Israel-Gaza Conflict, NY Times, Oct. 21

Page 7: Ledes

A PROVOCATIVE QUESTION:

“What is the solution to affordable housing in New

York?”

—Trading Parking Lots for Affordable Housing, NY

Times, Oct. 21, 2014

Page 8: Ledes

AN IMAGE

“Passersby of the Standard hotel on Manhattan’s

Washington Street will encounter an inflatable

rainbow structure of indeterminate shape,

beginning this week. At night it lights up like an

alien pod that’s just set down from a planet located

in the artist James Turrell’s high-school locker.”

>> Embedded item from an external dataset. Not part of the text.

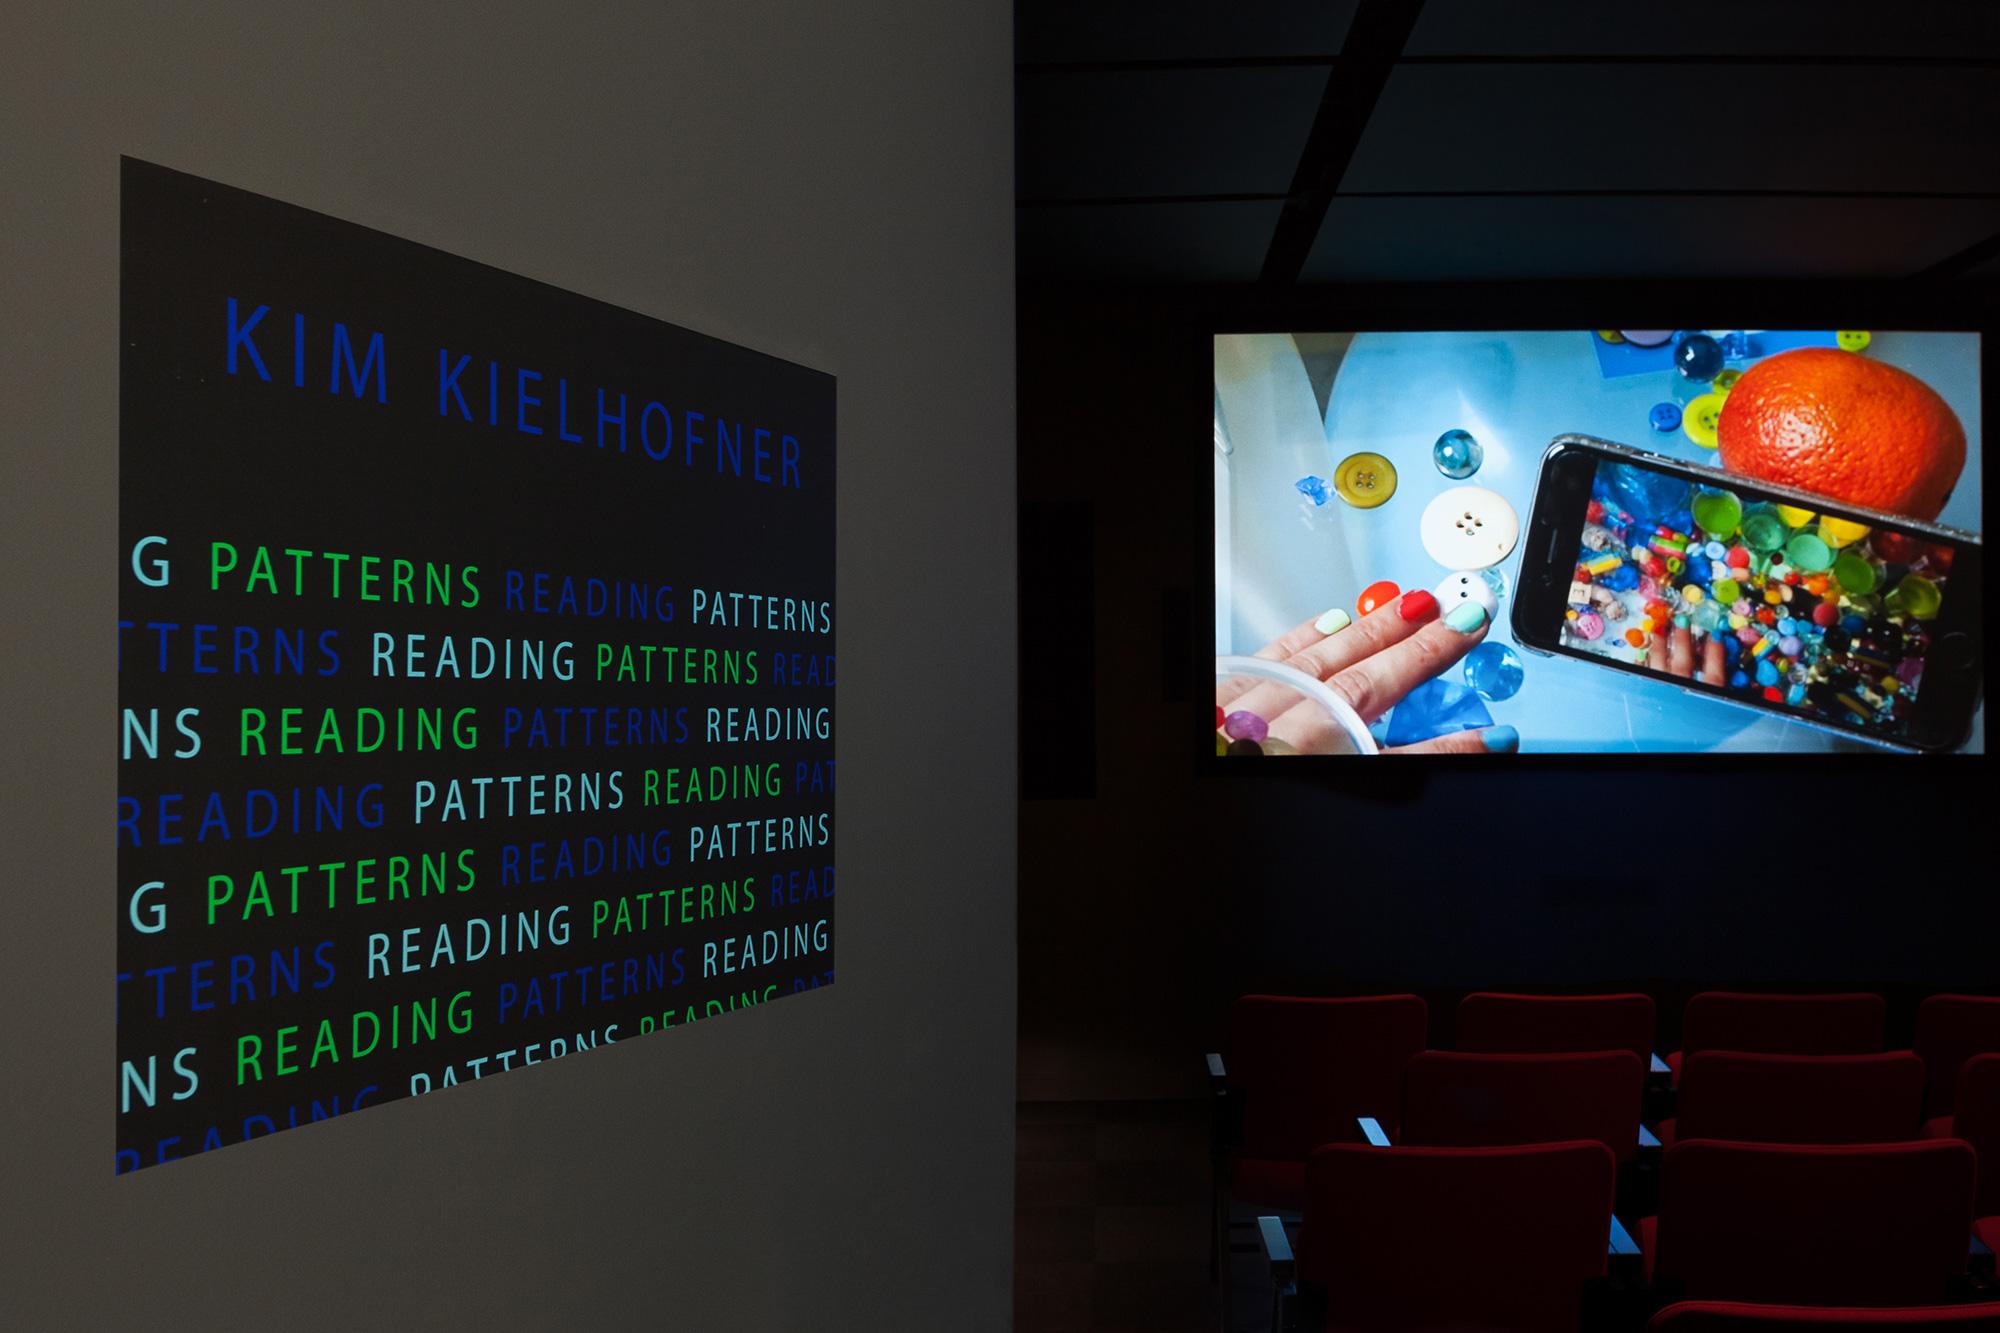 © Kim Kielhofner, vue de l'exposition READING PATTERNS (2017). Photo : Marilou Crispin.

—”What Is That Glowing Orb in Manhattan’s

Meatpacking District?”, Vanity Fair, September,

2014

Page 9: Ledes

A QUOTE

“IT’S A MOVIE in which you never forget you are

watching these actresses,” director Olivier Assayas

said at the press conference following the

screening of his magnificent Clouds of Sils Maria, a

film that explores the unstable boundaries between

performing and being. “These actresses,” who were

seated stage right from Assayas, are Juliette

Binoche, who plays Maria Enders, an internationally

renowned star, and Kristen Stewart, as Valentine,

Maria’s personal assistant...

—ART FORUM, “New York Film Festival, Dispatch

5,” Oct. 11, 2014

Page 10: Ledes

PERSONAL ANECDOTE

In the 1990s, some seven years before Sofia

Coppola released “Lost in Translation” — and we

got to watch Scarlett Johansson and Bill Murray

transact disassociation in Tokyo — I visited Japan

for nearly a month. The first experience sticks with

me: being locked into the bus from the airport, by

the driver, listening as a fellow passenger sneezed

over and over again.

—IMPACTS! Cute, Grotesque and Almost Perfect,

Adobe Airstrwam, October, 2014

Page 11: Ledes

AND THE LIST GOES ON

A good exercise is to try a variety of different ledes: write many different starts

Never feel locked into your first beginning

Your beginning should have resonance throughout the piece

Either circularly (come back to the start)

Chronologically if you start in the beginning

Thematically

All elements mentioned in the lede, if it’s a summary, will make an appearance in the story

For more ideas, check out this gallery of award-winning ledes

Read for “starts”—pay attention to how pieces begin.